Вторая Валькирия (с серпом и молотом). У нас немало клиентов, которые сами деинсталлируют аппараты, поскольку это гораздо дешевле, если сравнивать с услугами нашей команды. (Потачивает серп.)

Первая. Цена, если брать аппарат непосредственно с нашего склада, составит три тысячи евро. (Размахвает метлой.)

Сан-Василич (в ужасе). Три тысячи евро! (Берет стакан из рук Валокординовой.) Это ж мну сколько народу ограбить придется!

Вторая. Вам самостоятельно придется организовать перевозку в Россию с нашего склада в Италии…

Сан-Василич (икает, брыкается). И какой еще вам такой талии?

Первая. Осиной! Вяжи его!

Сан-Василич. Никакой осиной! Я вам не упырь и не волдырь, чтобы мну осиной! Пустите мну! Мну устало! Мну сурьезный человек! Мну с карахтером! Вы еще не знаете моего карахтера! Мну хочет домой! К маме! (Сопротивляется, но слабо.)

Вторая (достает веревку и вяжет Сан-Василича). …а потом снова инсталлировать самостоятельно. Если вы хотите, чтобы мы занялись доставкой, это вам будет стоить еще девять тысяч евро.

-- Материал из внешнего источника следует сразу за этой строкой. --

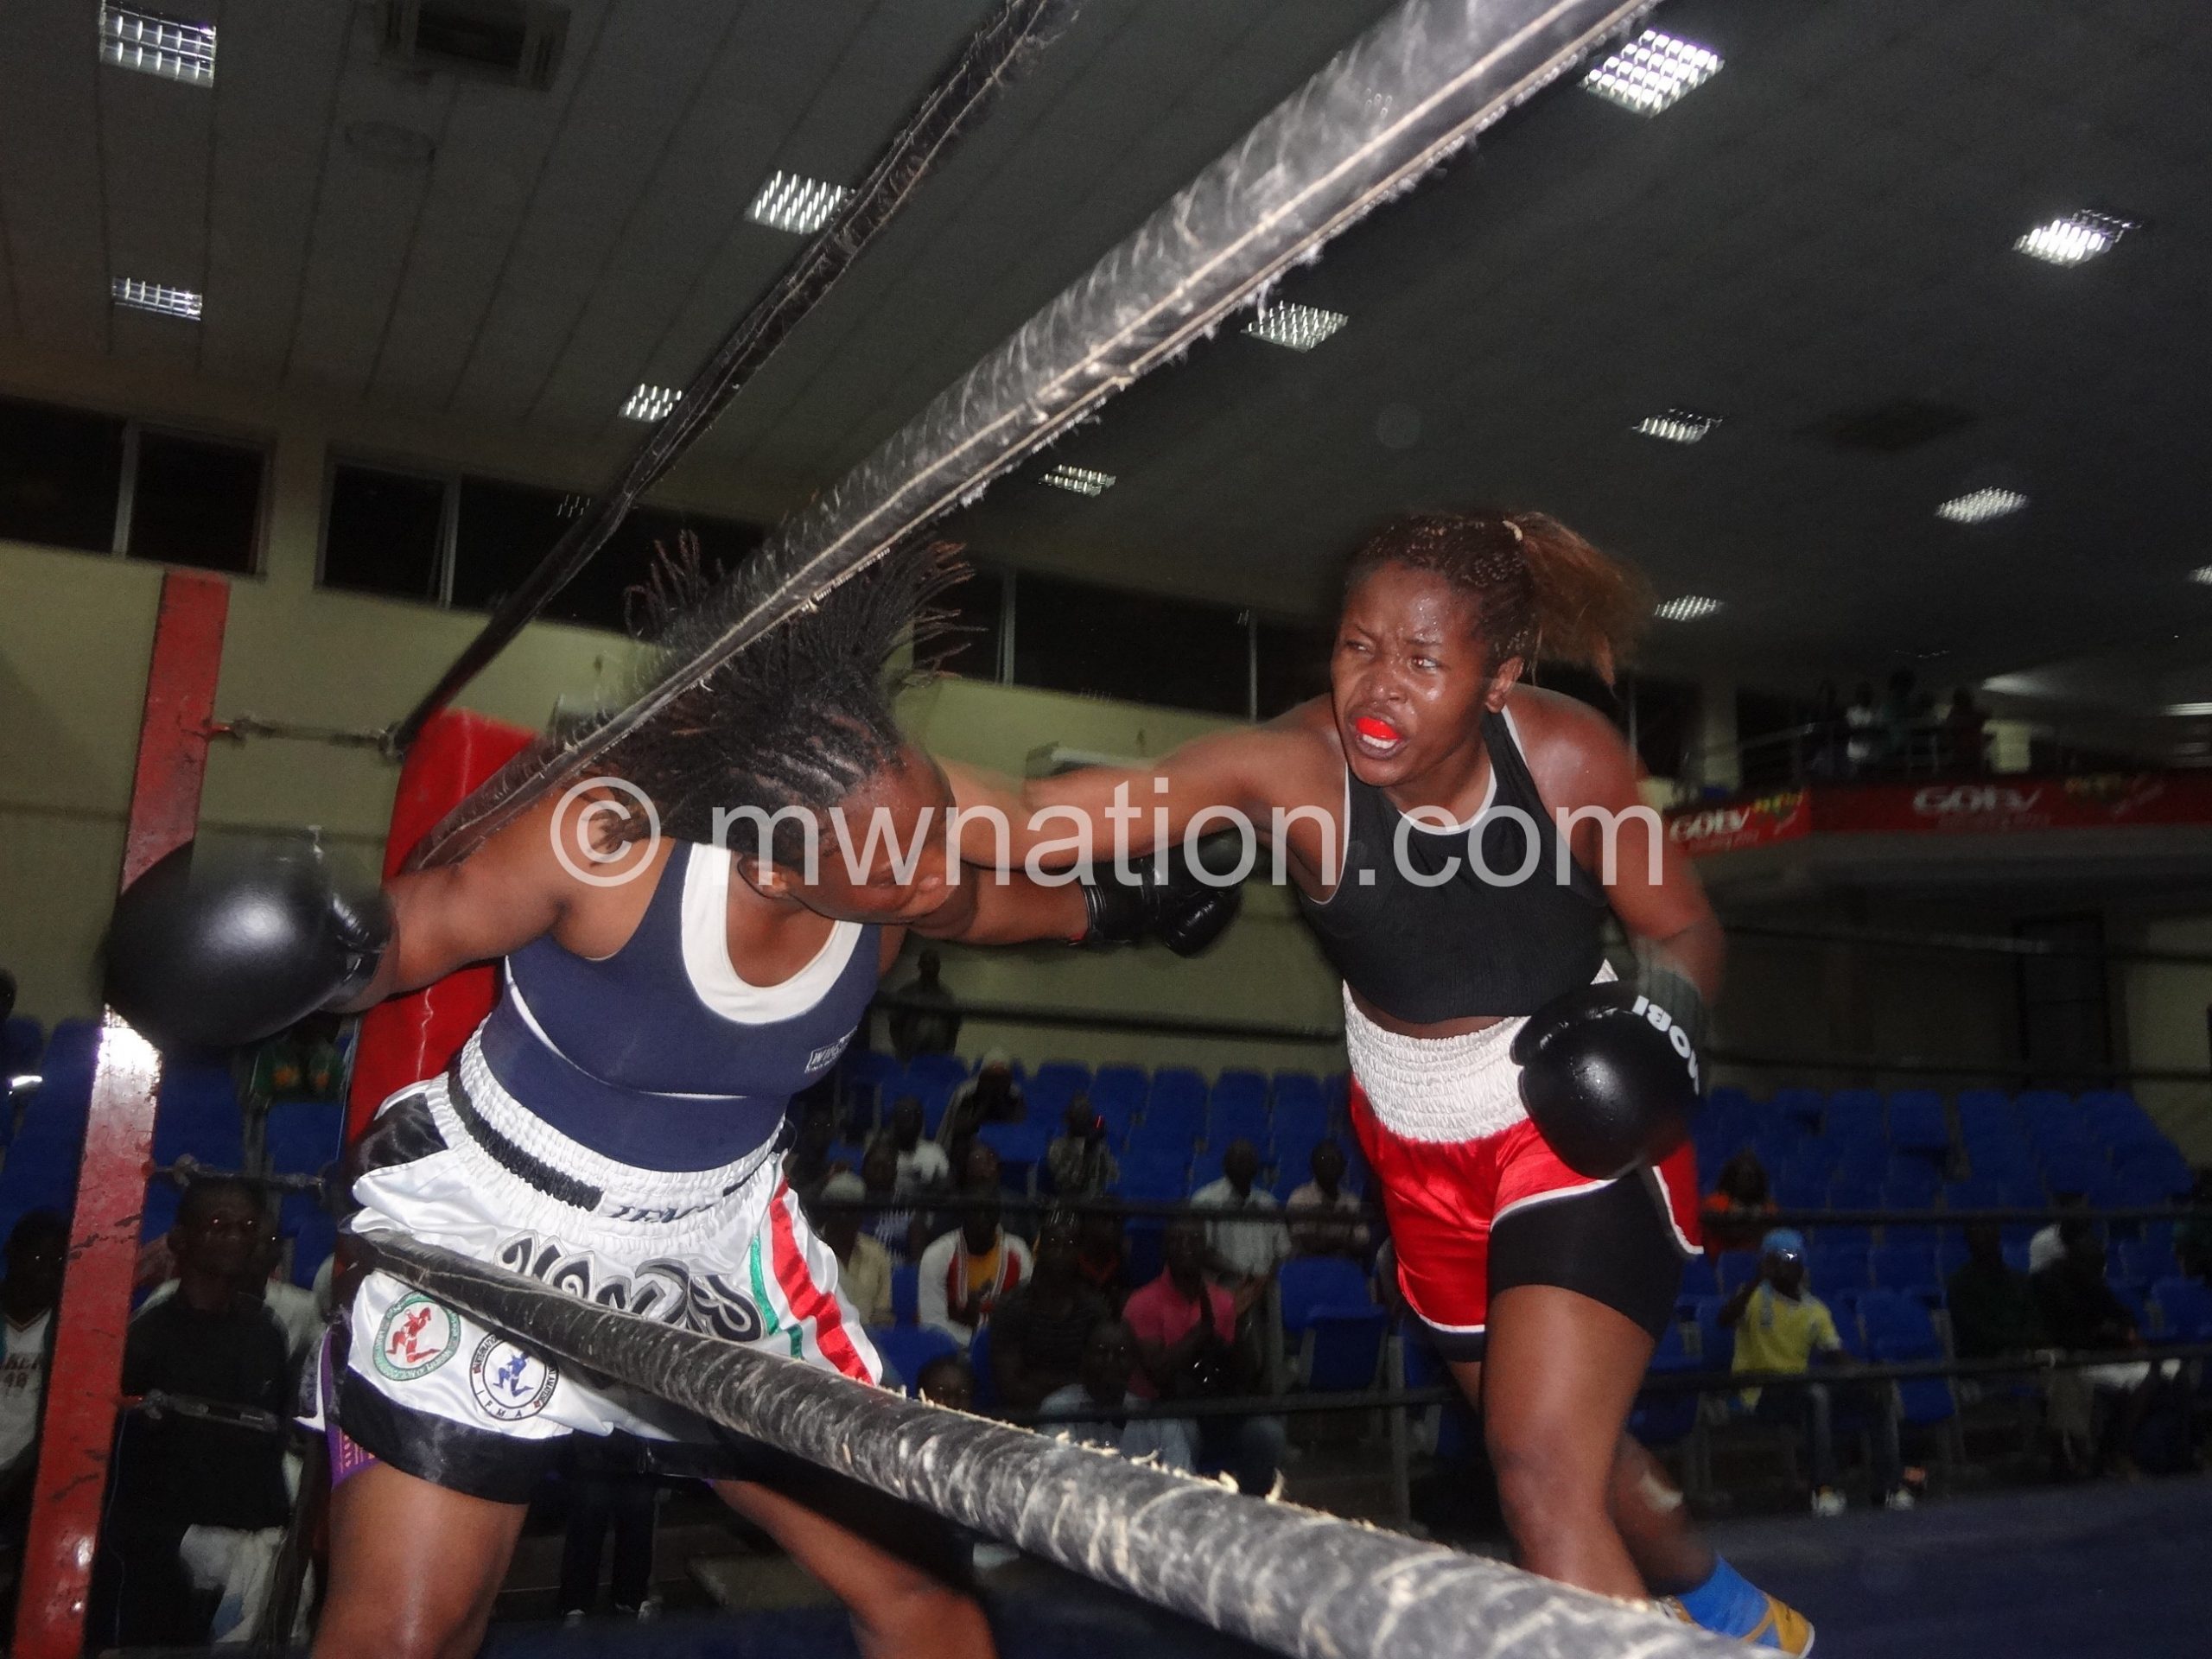 Mtimaukanena (R) lands a punch on Mhubira in the previous fight

Сан-Василич. Грабеж! грабеж налогоплательщиков неизбежен! (Зрителям.) Послушайте! Люди добрые! Ну не могу я! не мо-гу! не могу я все это на ваши хрупкие плечи переложить! Мну стыдно! (В сторону.) Стыдно – а что делать? Стыд – валюта плохо конвертируемая. Ею хорошо в душé дырки прикрывать, но не на одеже!

Первая. А если еще и займемся деинсталляцией, то вообще восемнадцать!

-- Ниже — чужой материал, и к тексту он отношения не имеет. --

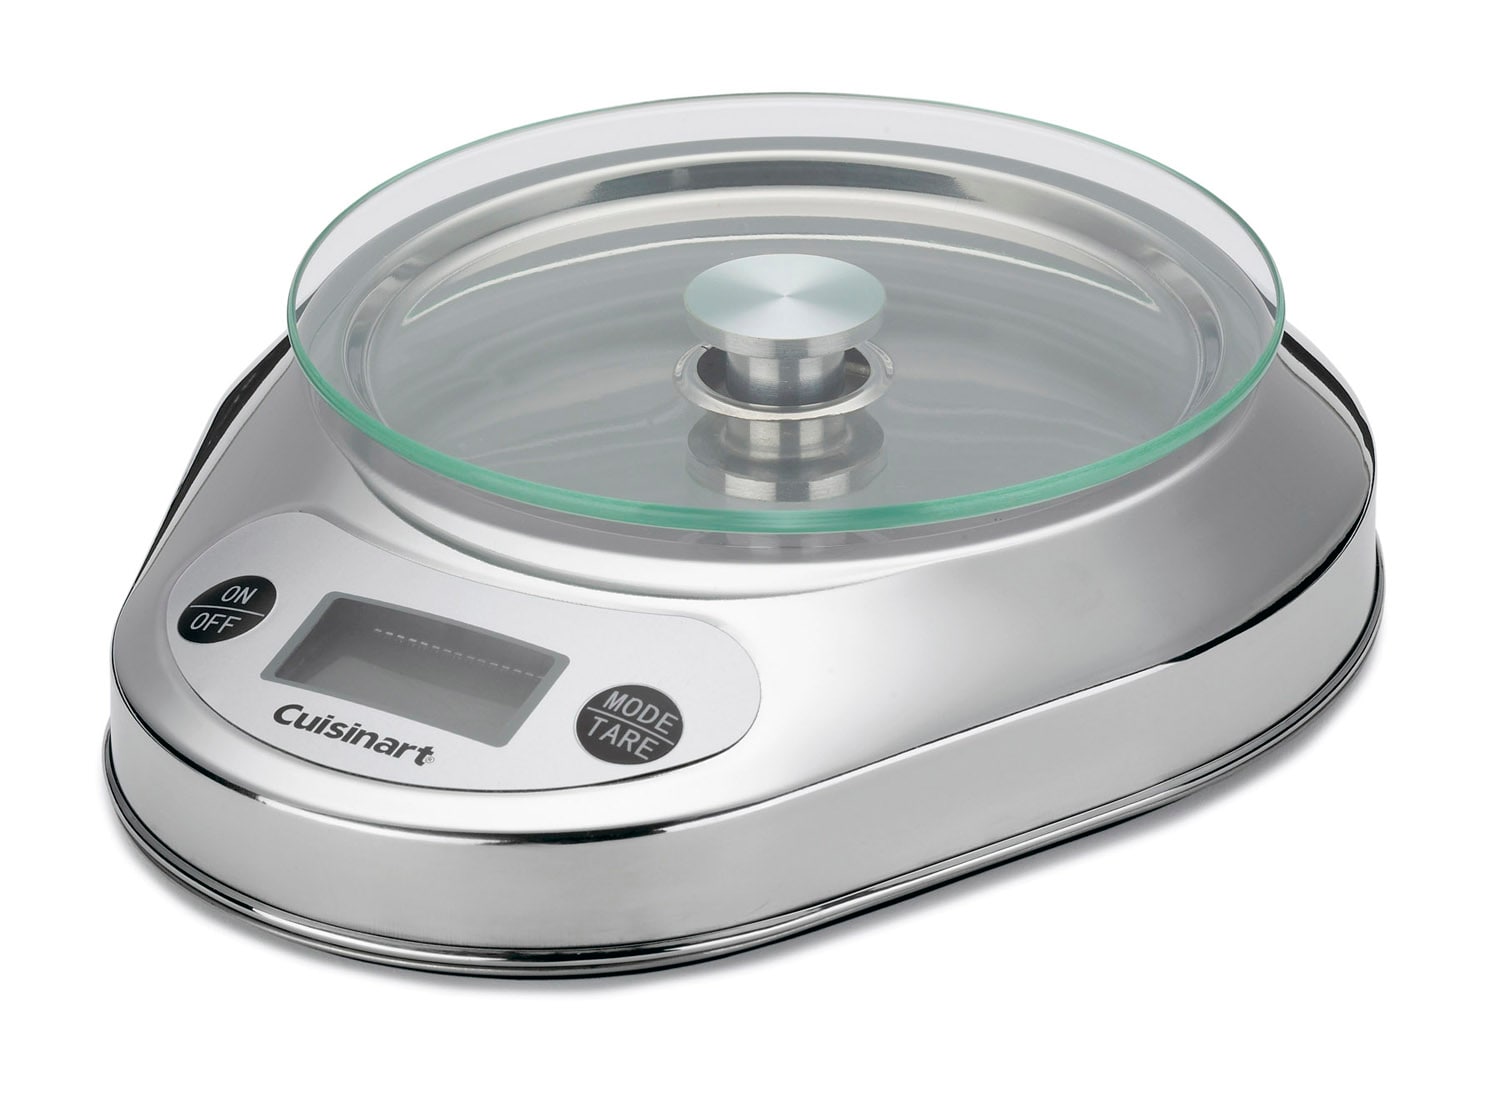 Cuisinart Stainless Steel Kitchen Scale with Removable Cover, 11

Сан-Василич (понуро). Ну тут уже без бюджетных денег не обойдется… Как пить дать… Придется опять бюджет… осваивать. Лаврушу опять… это… трясти… (Многозначительно насвистывает.)

Вторая. Вам нужно убедиться, что в системе достаточно гелия для вывода оборудования на рабочий режим. Если мы доставим необходимое для этого оборудование, то с вас еще шесть тысяч за его прокат.

Сан-Василич (обмякая и засыпая). Грабеж! грабеж! Я сказал, да! Это грабеж! Вот так вот все у нас! Все бремя ложится на налогоплательщика! Никуда не денешься… Простите меня, дорогие россияне, но… (Издает языком характерный звук опустошения кишечника от газов.) Придется вам пояса потуже… А то мой бизнес медным тазом. Придется потерпеть… Видимо, на какое-то еще время детский садик и морг останутся в одном здании… Ничего не попишешь… Денег не предвидится. Лаврушин бюджет… не того… не потянет.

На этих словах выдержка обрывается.